Schematic diagram of the microcapsule generator
2.3. MC3T3-E1 cell viability after microencapsulation
Chitosan has osteoconductive properties (Moreau and Xu, 2009; Muzzarelli, 2011) and cell-encapsulating AC microcapsules (AC-cell microcapsules) were prepared just before mixing with the CPC paste. As a preliminary investigation, MC3T3-E1 cells were cultured in A-cell microcapsules in a culture medium to investigate the cell viability after microencapsulation. The medium was changed every 3 d. A Wst-8 kit (Dojindo, Beijing, China) was used for this assay at Days 1, 4, 7, 14, and 21 after encapsulation. At each time point, 100 μl of A-cell microcapsules were placed at the bottom of one well of a 24-well plate and washed with 1 ml of Tyrode’s HEPES buffer (140 mmol/L NaCl, 0.34 mmol/L Na2HPO4, 2.9 mmol/L KCl, 10 mmol/L HEPES, 12 mmol/L NaHCO3, 5 mmol/L glucose; pH 7.4) (Zhao et al., 2011). Then, 500 μl of Tyrode’s HEPES buffer and 50 μl of Wst-8 solution were added to the well (n=4). After 6 h incubation at 37 °C, 200 μl of each reaction mixture was transferred into a 96-well plate and the absorbance at 450 nm was measured with a microplate reader (Bio-Tek Instruments ELX800). Microcapsules without cells were used as blank controls (n=3). A live/dead assay was performed at Days 1, 4, 7, 14, and 21. The cell culture medium was removed and the A-cell microcapsules were removed from the flasks and washed with Tyrode’s HEPES buffer. Then, 100 μl A-cell microcapsules, 300 μl Tyrode’s HEPES buffer, and 200 μl phosphate buffered saline (PBS) containing 0.002 mmol/L calcein-AM (acetomethoxy derivate of calcein) and 0.004 mmol/L propidium iodide (PI) (Dojindo) were added to each specimen (n=6). After 15 min incubation at 37 °C, the cells were observed by epifluorescent microscopy (Nikon Eclipse TE-2000US).
2.4. CPC-cell construct preparation
A-cell microcapsules were washed with sterilized saline (155 mmol/L NaCl) thrice, immersed in a 0.5% (w/w) chitosan liquid (degree of deacetylation (DD)>90%, molecular weight (MW)=57 000; Dalian Institute of Chemical Physics, China), stirred with a glass rod continuously for 5 min, and washed with sterilized saline thrice to obtain AC-cell microcapsules (Xie et al., 2010). AC-cell microcapsules were then mixed with fresh CPC paste (n=6), which we referred to as the “CPC-AC-cell” group. For each sample, 0.2 g β-TCP/CPC powder was added to one well of a 24-well plate and mixed with 0.2 ml of liquid to form a paste sufficient to cover the bottom completely; the paste volume was approximately 200 μl.

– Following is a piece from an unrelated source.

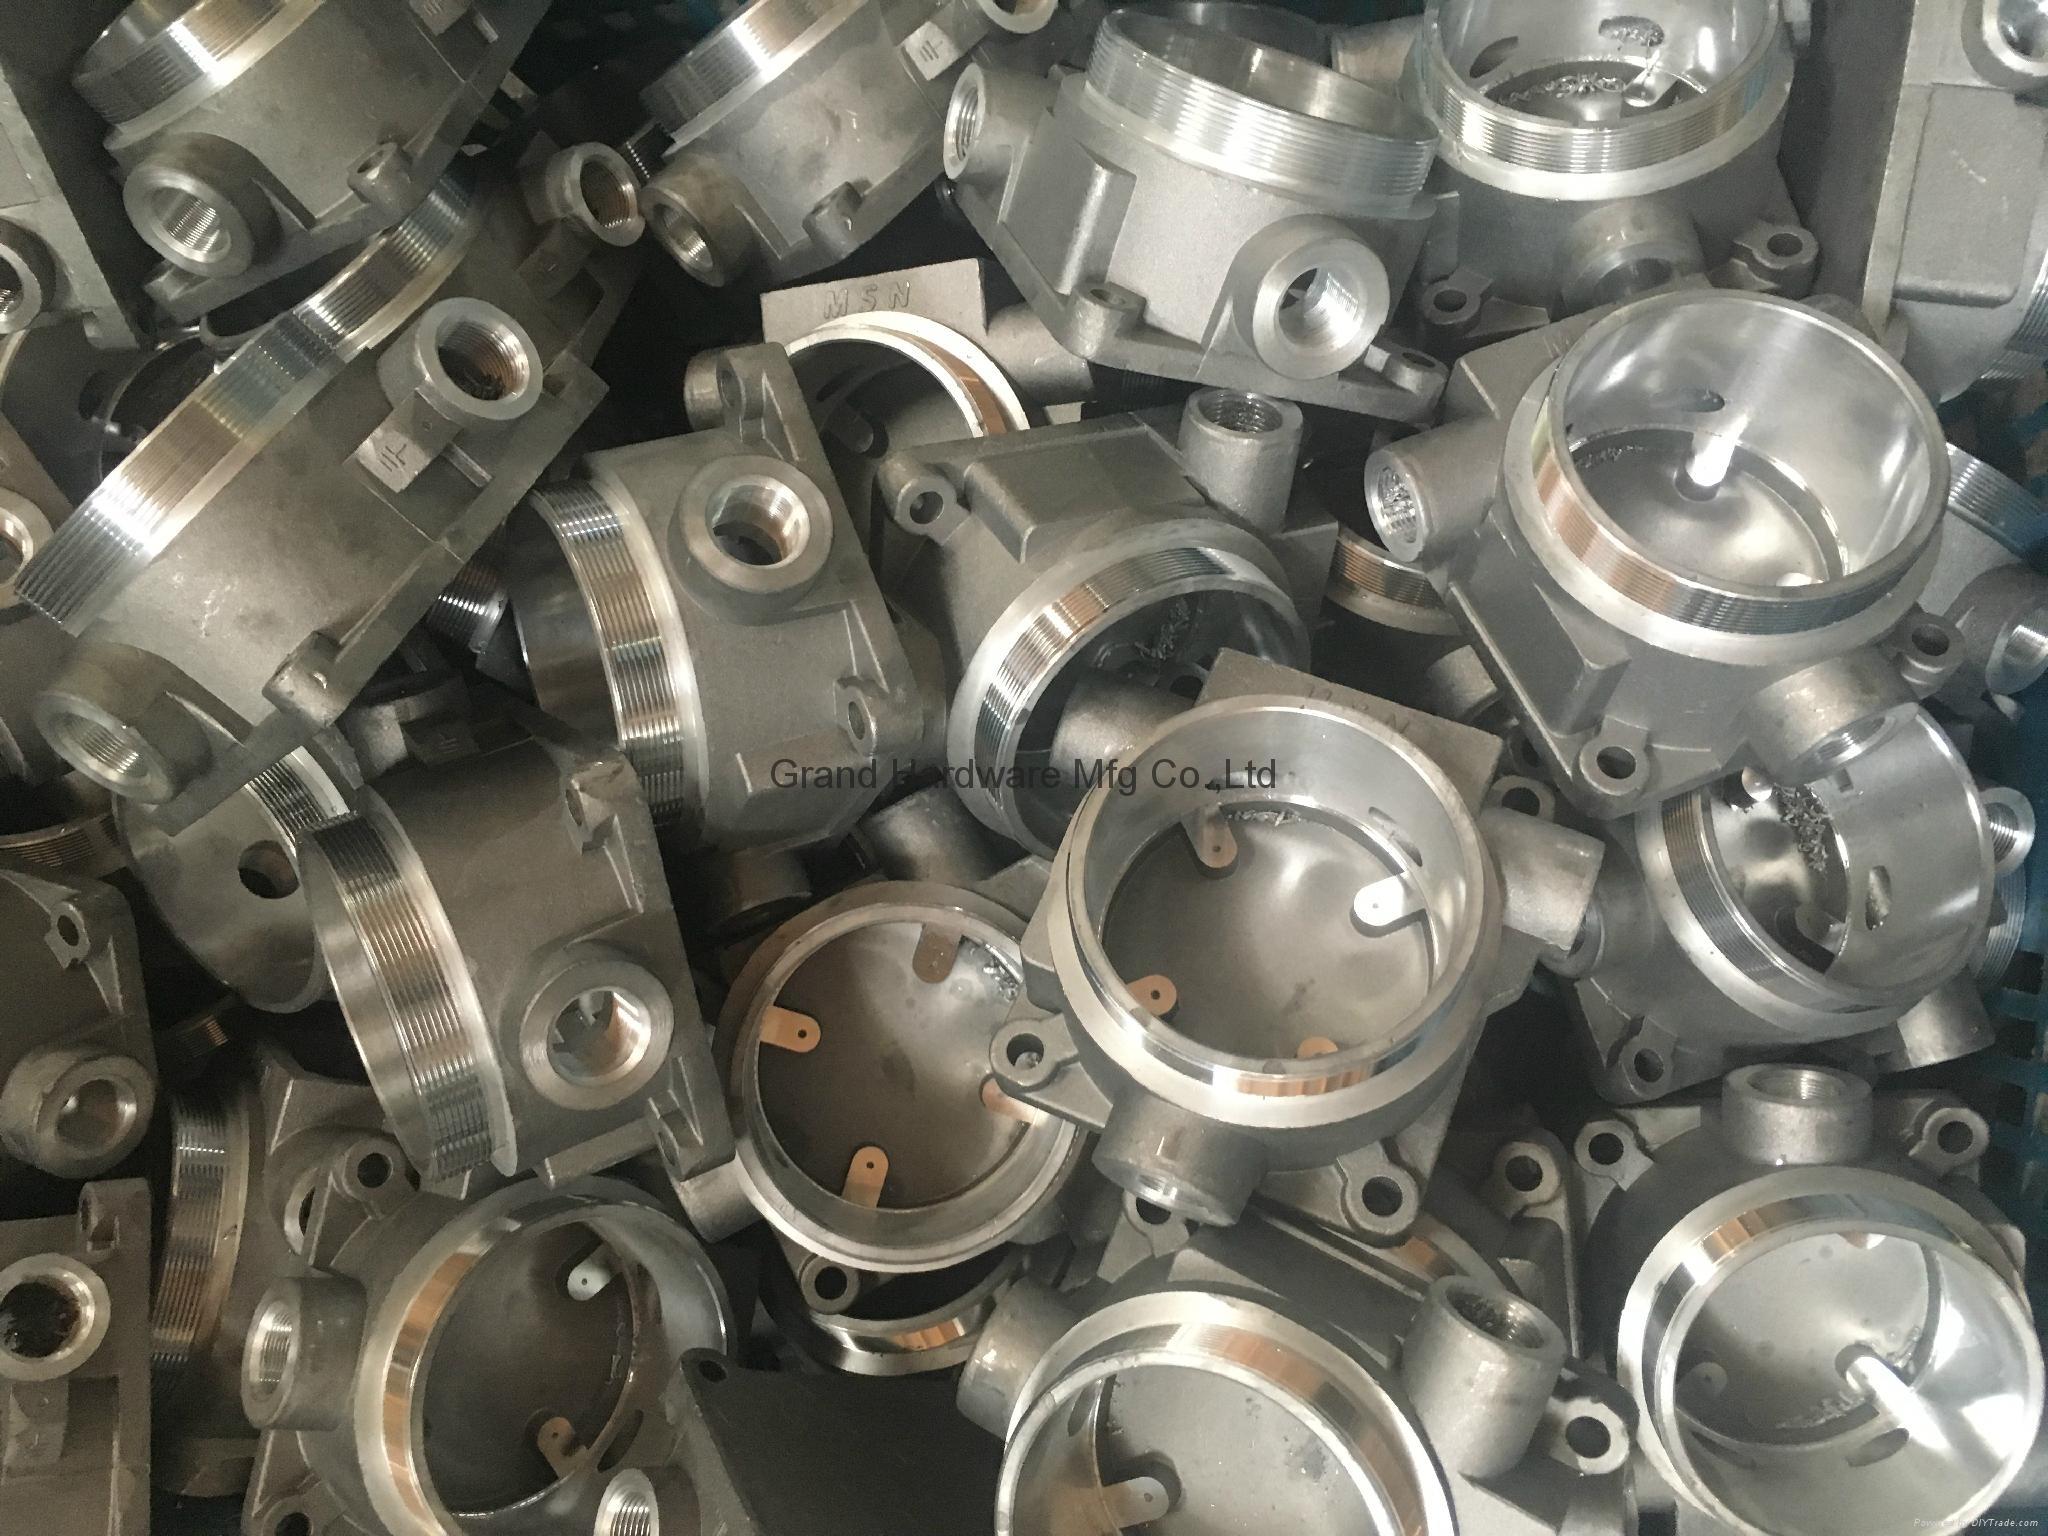 Aluminum casting body

Then, 200 μl of AC-cell microcapsules were thoroughly mixed with fresh CPC paste. The ratio of the volume of microcapsules to the total volume of CPC plus microcapsules was approximately 50% (Simon et al., 2004; Deville et al., 2006; Weir et al., 2006; Zhao et al., 2010a; 2010b). Following incubation for 15 min (initial setting time, I-ST) (van den Vreken et al., 2010), 1.5 ml of fresh medium was added into each well until the construct was completely submerged.

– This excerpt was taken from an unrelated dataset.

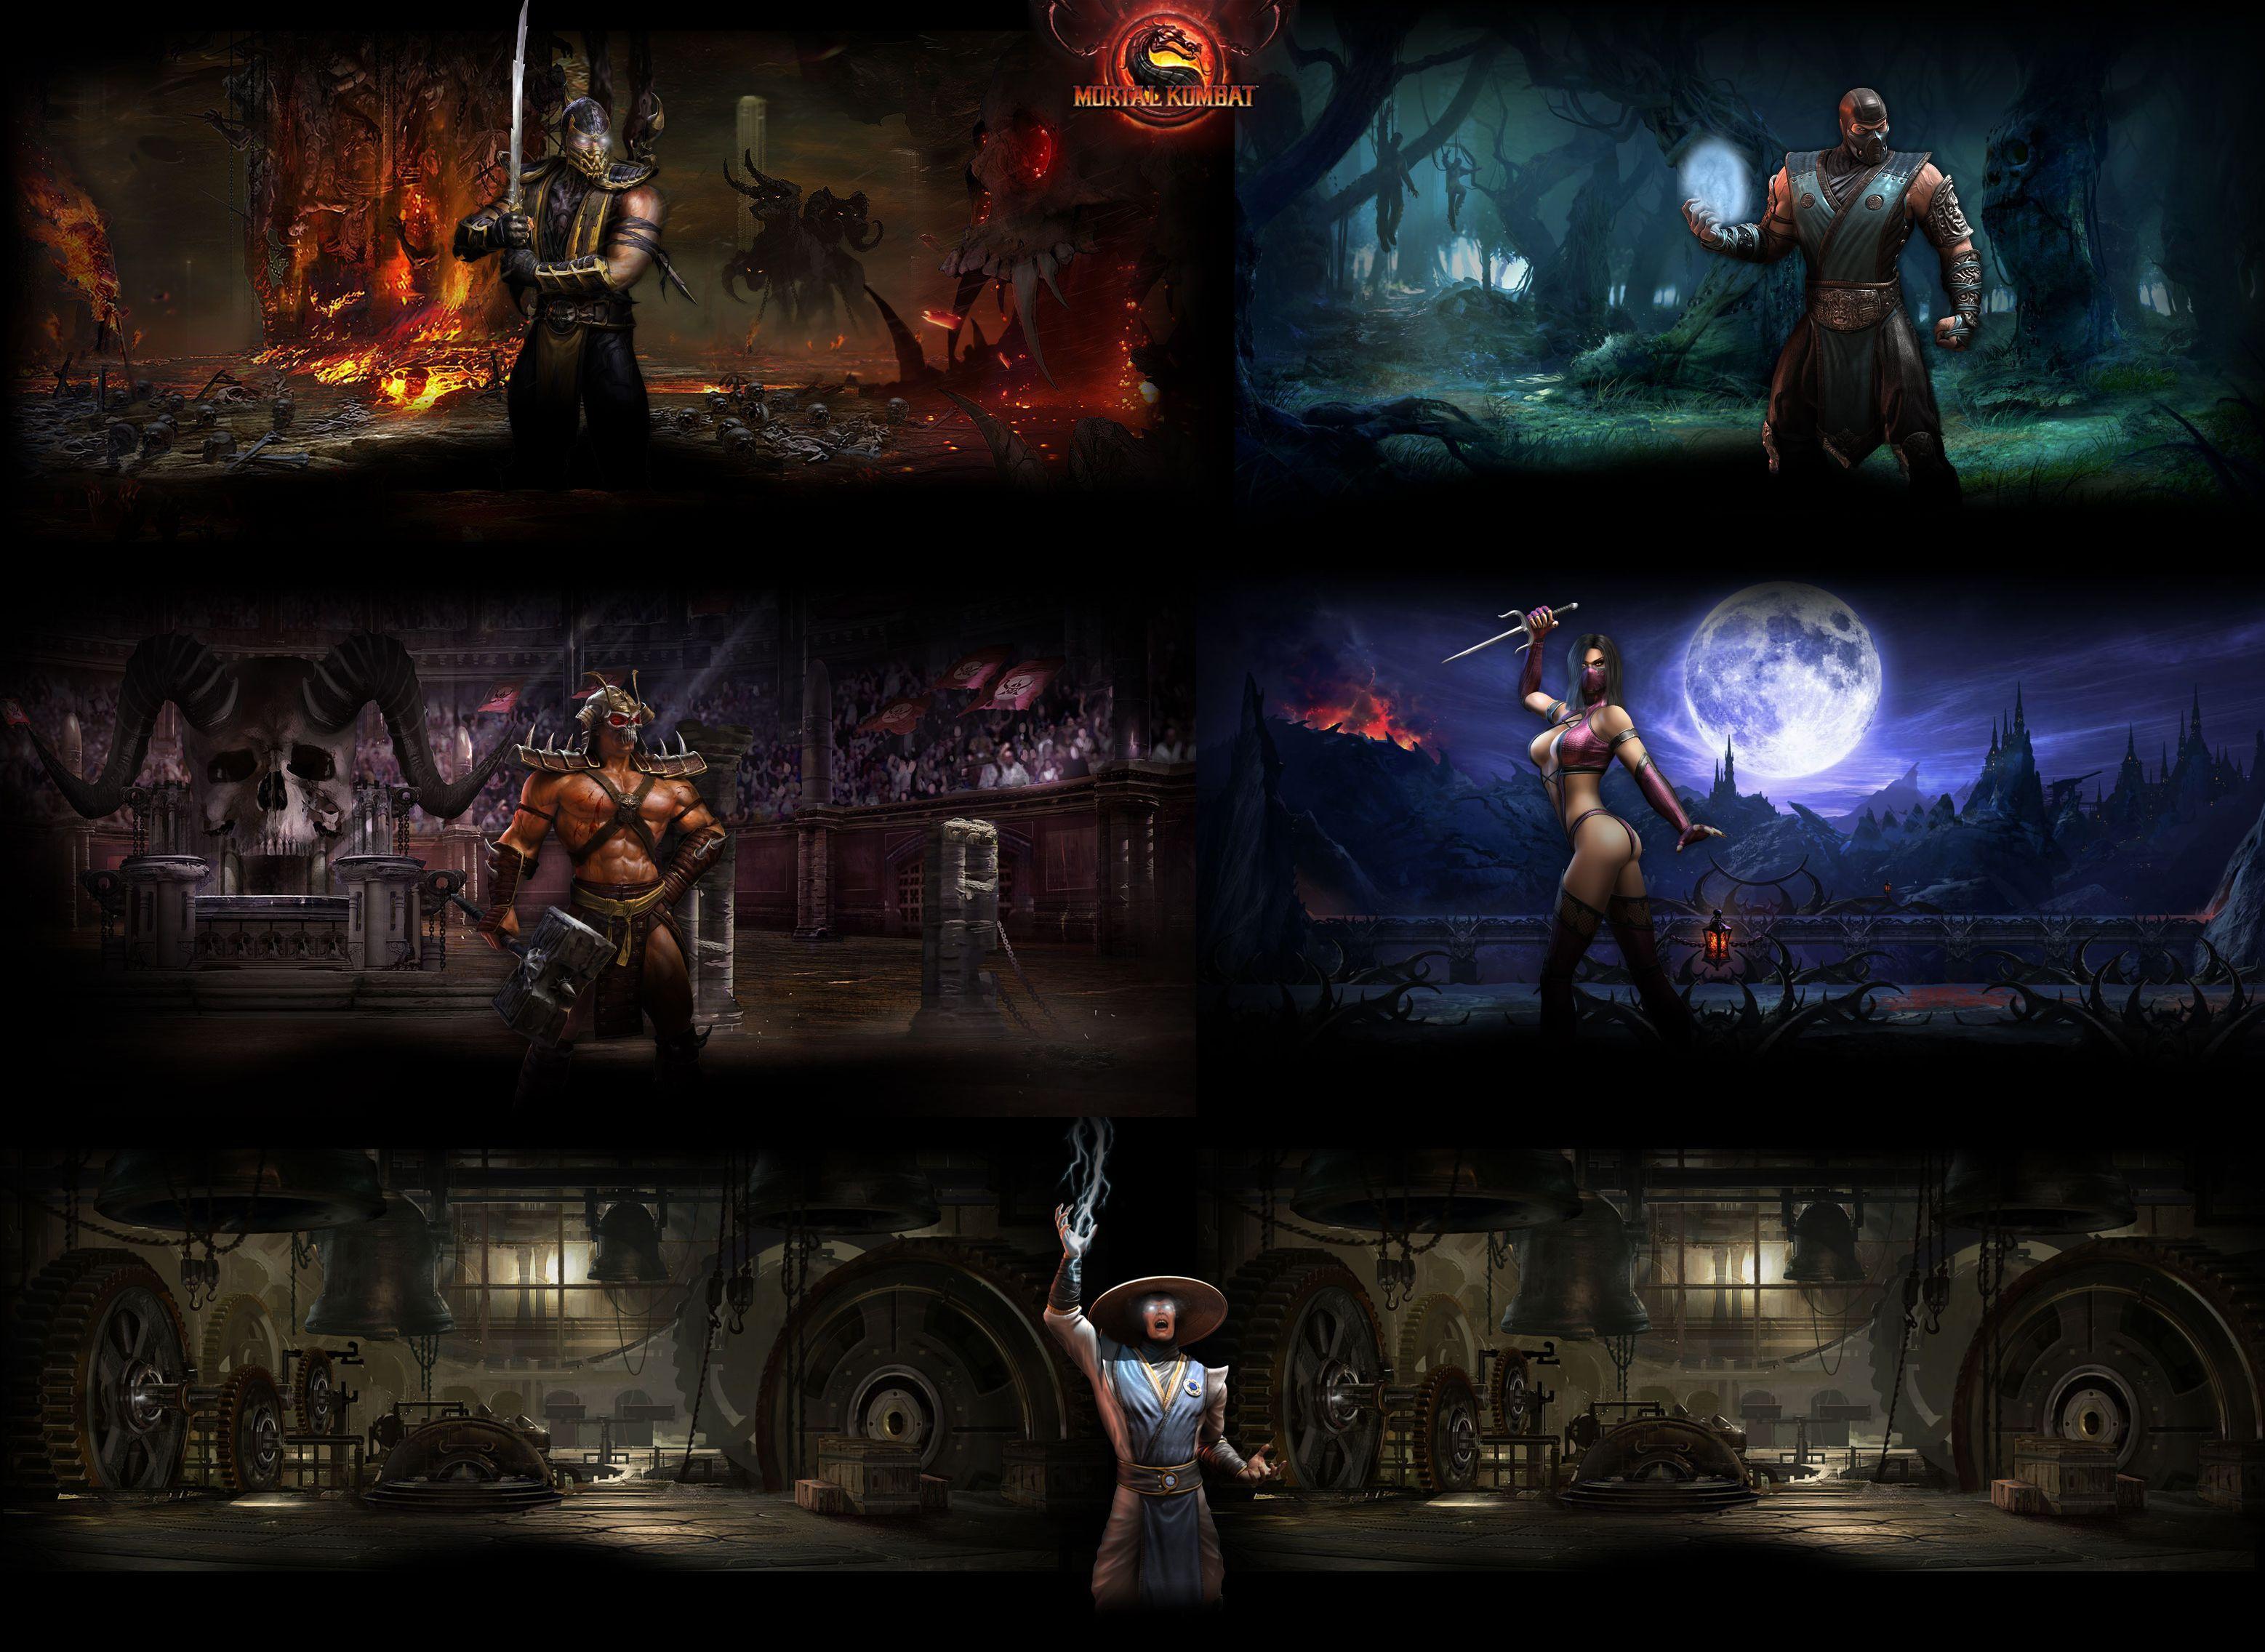 Mortal Kombat Raiden Wallpapers - Top Free Mortal Kombat Raiden

Because previous studies indicated that the CPC induced pH and ionic changes of the culture medium during the incubation period (Taira et al., 2003), the culture medium was changed after the first 12 h co-incubation. For the first 2 d, the medium was changed once a day. From Day 3 on, it was changed every 3 d. A-cell microcapsules mixed with fresh CPC paste (n=6) were referred to as the “CPC-A-cell” group.

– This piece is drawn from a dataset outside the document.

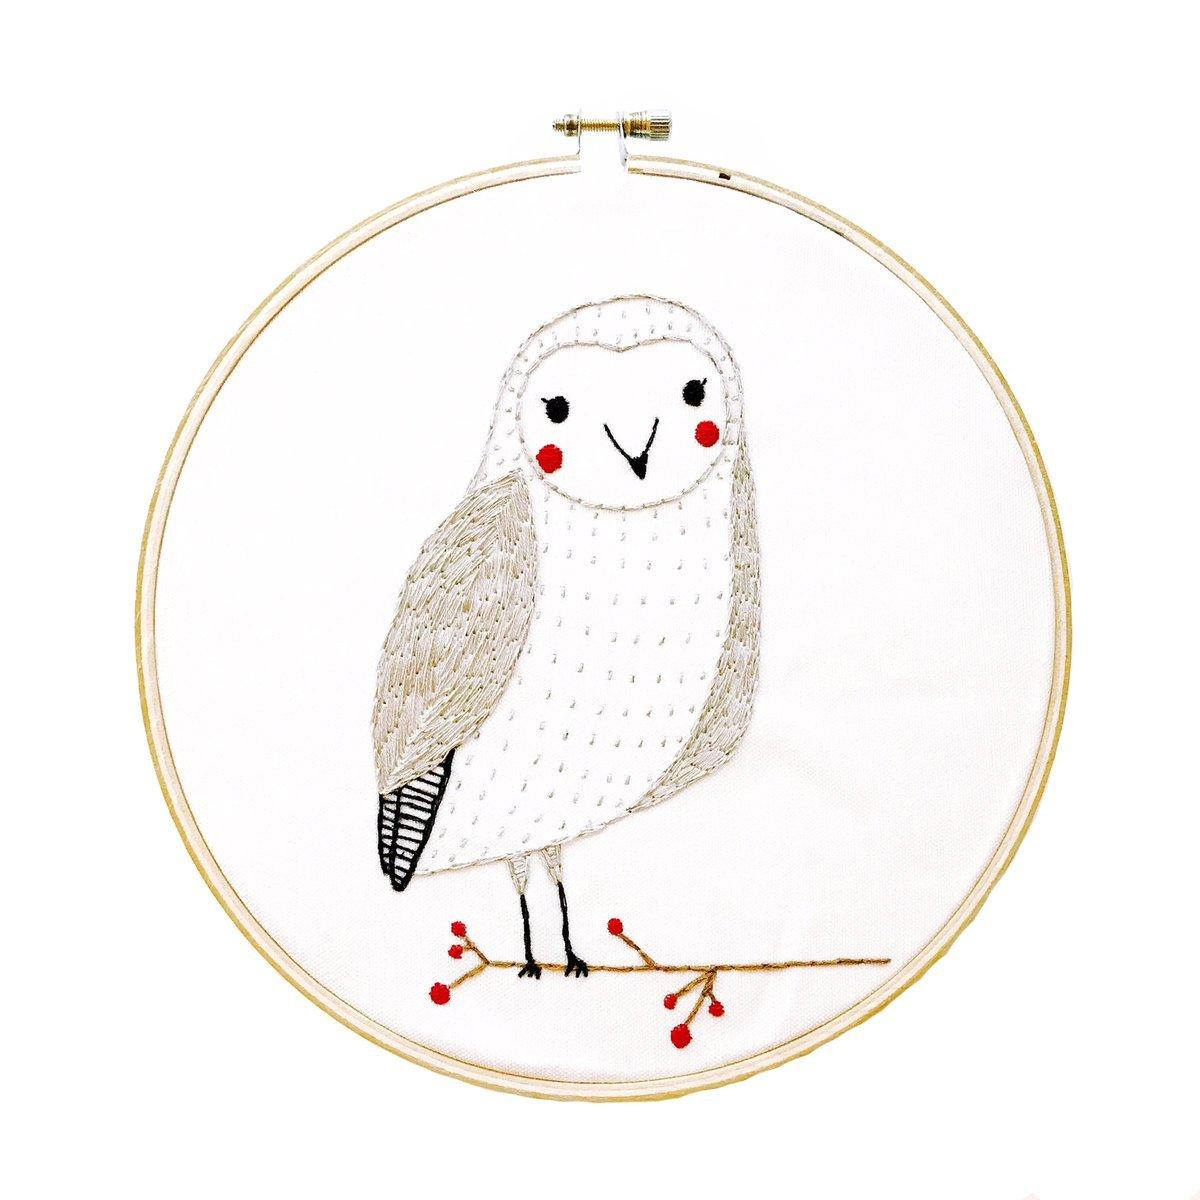 Embroidery Sampler Merriment Owl - Gingiber

2.5. Microencapsulated MC3T3-E1 cell release after mixing with CPC paste
β-TCP/CPC powder (0.2 g) was put into a sterile plastic ring (11 mm in diameter, 4 mm in height) in a well of a 12-well plate and 0.2 ml of liquid (0.6 mol/L Na2HPO4/NaH2PO4 solution) was added to form a paste. Immediately, 0.2 ml of A-cell microcapsules were seeded onto the paste and they remained in place for 15 min. The ring was then removed and 2.0 ml of culture medium was added into the well, completely submerging the newly setting CPC disc. The culture medium was changed after 12 h. A live/dead assay was performed at Days 1, 7, and 14 to observe the released cells on CPC discs. The cell culture medium was removed from each well and cells were washed with PBS thrice, then stained with 2.0 ml of PBS containing 0.002 mmol/L calcein-AM for 15 min at 37 °C. Next, the dye solution was removed, 2.0 ml of PBS containing 0.002 mmol/L PI was added to each specimen, and the plate was stained for another 5 min. The specimens were then washed with PBS and observed by a confocal laser scanning microscopy (Leica TCS SP5). The XYZ scanning model was selected because the surface of the CPC was not very smooth. We selected 50 μm from the uppermost surface down as the observation range and images were taken every 10 μm as predetermined. Live cells were stained green, dead cells red. Released cells attached onto the bottom of the 12-well plate were also observed using an inverted phase contrast microscope (n=6).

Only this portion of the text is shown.